Putin on Sunday proposed direct negotiations with Ukraine in Istanbul and Zelenskiy had said he would be waiting for the Kremlin leader.
But after keeping the world guessing for days about Putin’s plans, the Kremlin late on Wednesday named a lower-level delegation that did not include the president and was described by Kyiv’s European allies as a snub.
It was unclear how Ukraine, which has so far not publicly committed to send anyone to talks in Istanbul or to name a delegation, would respond.
A Ukrainian official said Zelenskiy, who has said he will not speak to anyone on the Russian side except Putin, would make a decision about the talks after meeting Turkey Pres. Tayyip Erdogan later on Thursday in Ankara.
There was confusion in Istanbul, where reporters were gathered near the Dolmabahce palace that the Russians had specified as the talks venue.
A Ukrainian official said there had been no agreement on when talks might begin. Turkish officials have given no information on the time or location, but foreign minister Hakan Fidan said he hoped the talks would open a new chapter.
Zelenskiy had goaded Putin earlier this week by questioning if he was brave enough to show up. The Kremlin says Putin, who is also under threat of even tighter European sanctions to “suffocate” Russia’s economy, does not respond to ultimatums.
PRESSURE FROM TRUMP
The warring sides last held face-to-face talks, also in Istanbul, in March 2022, only weeks after Putin sent his army into Ukraine.
Both are trying to show United States (US) Pres. Donald Trump they are serious about peace, as he presses them to end what he calls “this stupid war.” Washington has threatened repeatedly to abandon its diplomatic efforts to settle the conflict unless there is clear progress.
After leaning heavily on Ukraine and clashing with Zelenskiy at a meeting in the Oval Office in February, Trump has shown increasing impatience with Putin in recent weeks and threatened additional sanctions to hit Russian trade.
Trump, who is on a three-nation tour of the Middle East, said on Thursday he would go to the talks in Turkey on Friday “if it is appropriate.”
The confirmed absence of Putin lowers the expectations for a major breakthrough in the conflict, the deadliest in Europe since World War II.

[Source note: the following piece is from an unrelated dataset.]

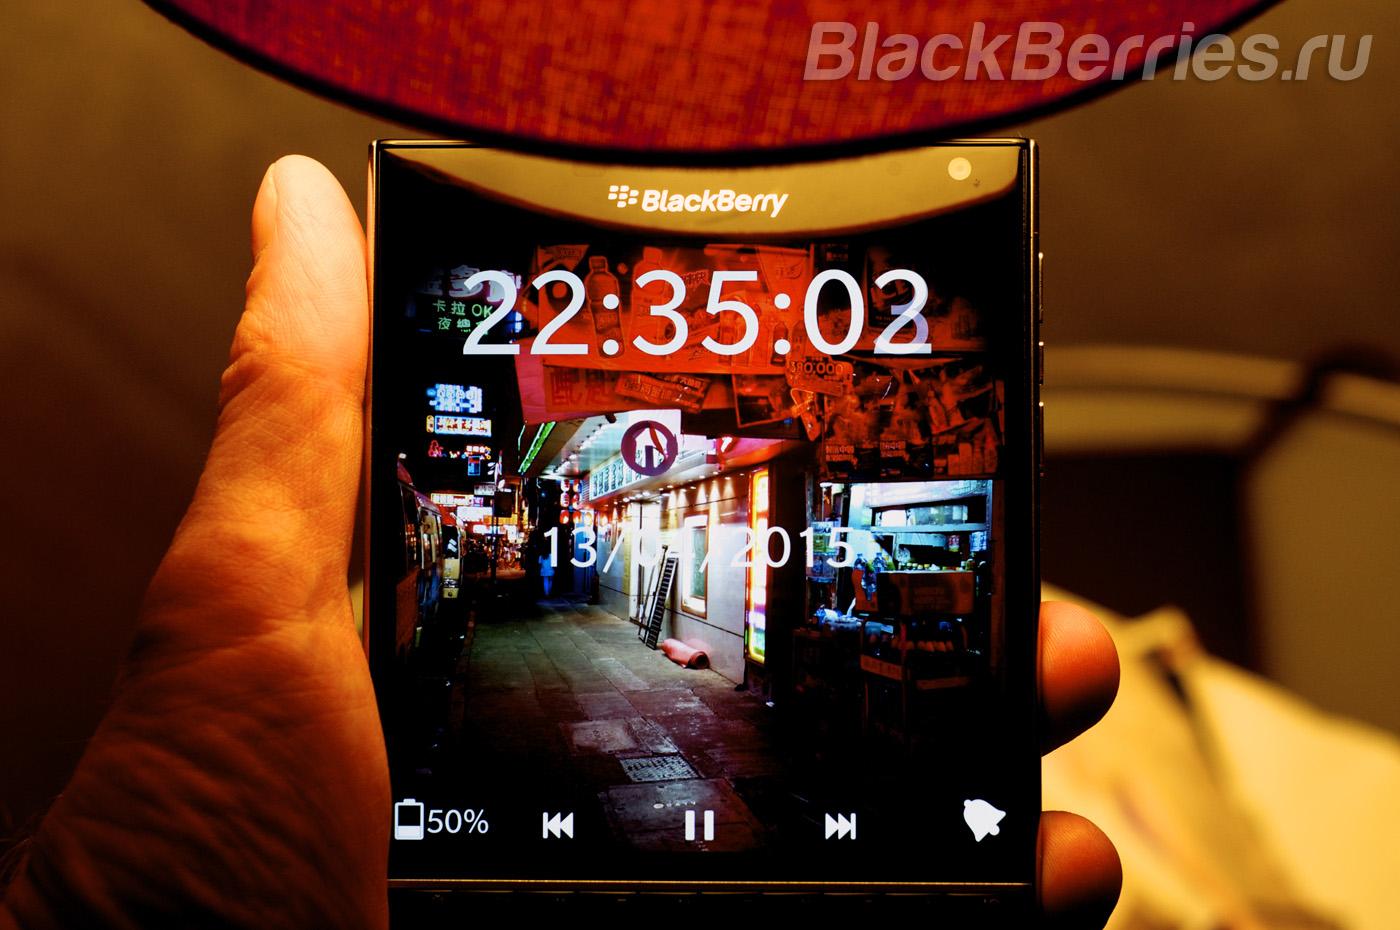 BlackBerry-Passport-Nightly-Clock

Zelenskiy backs an immediate 30-day ceasefire, but Putin has said he first wants to start talks at which the details of such a truce could be discussed.
US secretary of state Marco Rubio, speaking at a NATO meeting in Turkey, said there was no military solution to the conflict, and Trump was open to “virtually any mechanism” that would lead to peace.
“NOT THE KEY PLAYERS”
The Russian delegation named by the Kremlin is headed by presidential adviser Vladimir Medinsky and includes a deputy defence minister, a deputy foreign minister and the head of the GRU military intelligence agency.
The Kremlin said Putin had held a late-night meeting with ministers, military commanders, and spy chiefs to discuss the upcoming talks.
A source involved on the Ukrainian side in the March 2022 talks in Istanbul said that Medinsky, who also led the Russian team then, did not have a strong mandate to make decisions.
“The most important point is that the people who will actually be sitting at the table are not necessarily the key players,” the source said.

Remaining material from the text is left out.